I am about as left-leaning as I can get without falling over on my side, and lately I’ve been thinking that the research is correct: Democrats and Republicans are born that way. When Reagan was elected Governor of California in 1967, my father was so angry he swore in front of me and steamed for days. When my landlord, a Mr. Shiess, refused to return my deposit money just because he believed he could get away with it, my incensed father drove to Goleta, where many UC Santa Barbara students live, and threatened the man with a lawsuit. After that, he cleverly transposed two letters and referred to the greedy bastard as Mr. Sheiss (German for “shit”).

My father was a sensitive, if ruminating, man who would have given his golden retriever, Rusty, his last morsel, and his inability to hold onto whatever little money he managed to amass over the course of his short life seemed more a function of his biology than of anything else. This is not to say that all Democrats are wealth averse. Though my mother was a Democrat, she craved money more than anyone I have known, and my brother, too, a Democrat, also, is a staunch defender of capitalism and a great gatherer of goods.
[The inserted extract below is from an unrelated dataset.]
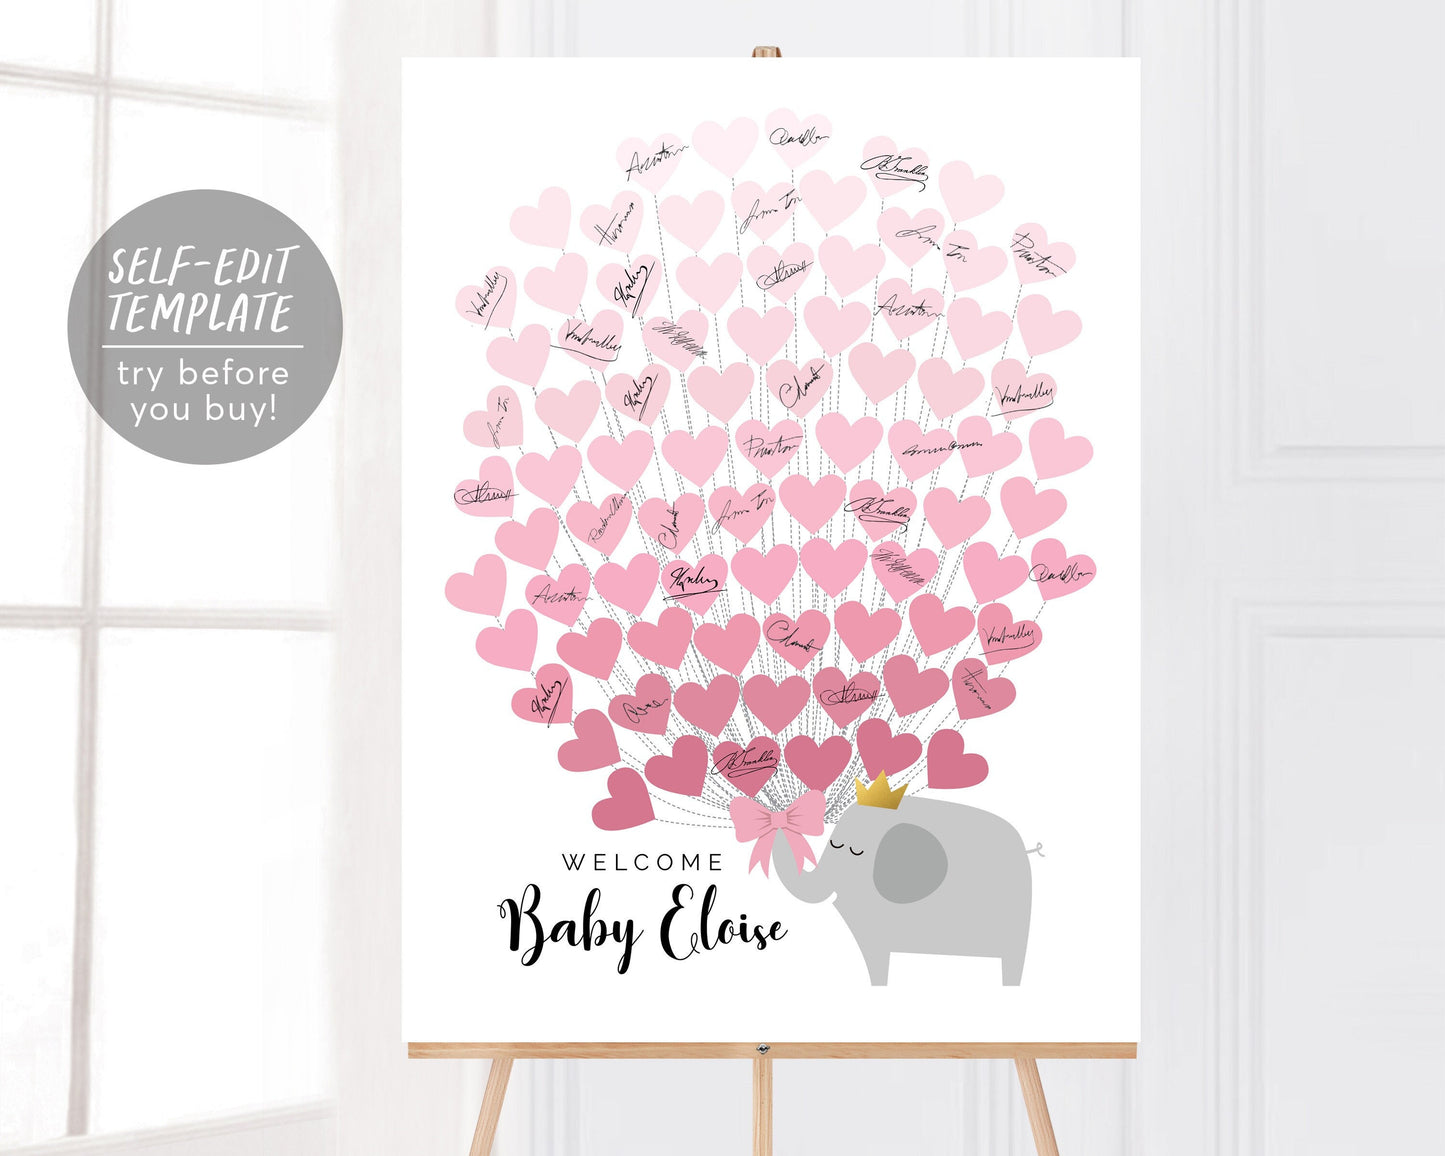 Baby Girl Elephant Heart Balloons Baby Shower Guest Book Alternative Editable Template, Blush Safari Animal Crown Theme Guestbook Sign
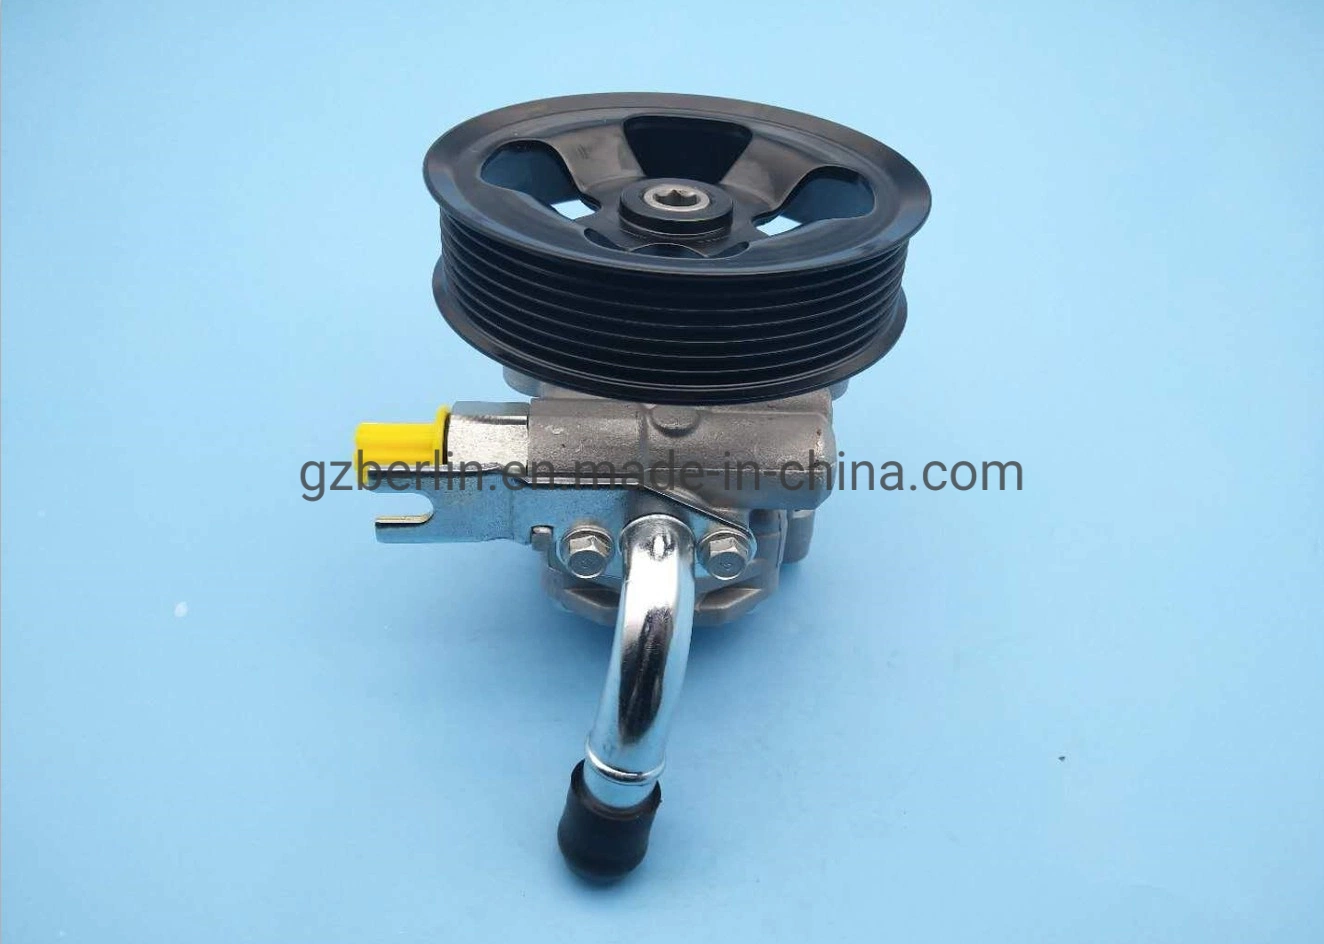 Power Steering Pump for Hyundai H-1 Starex 2.5 D4CB 2007-2012 57100-4h000 571004h000

Although there is no way to explain adequately why my father and I became poster children for the principles of the Democratic Party while my mother and brother did not, there are certain general differences between Democrats and Republicans that are indisputable. Anything  that seems a handout to the hapless, for example, like welfare and unemployment, is anathema to a Republican, while a Democrat believes in helping those who cannot help themselves. It is simplistic, though, and even ridiculous to suggest that Democrats care about their brethren while Republicans do not. The way I see it the differences between Republicans and Democrats boil down to this: Democrats on the whole have a greater capacity to tolerate ambiguity and nuance, and this capacity seems to arise at the cellular level.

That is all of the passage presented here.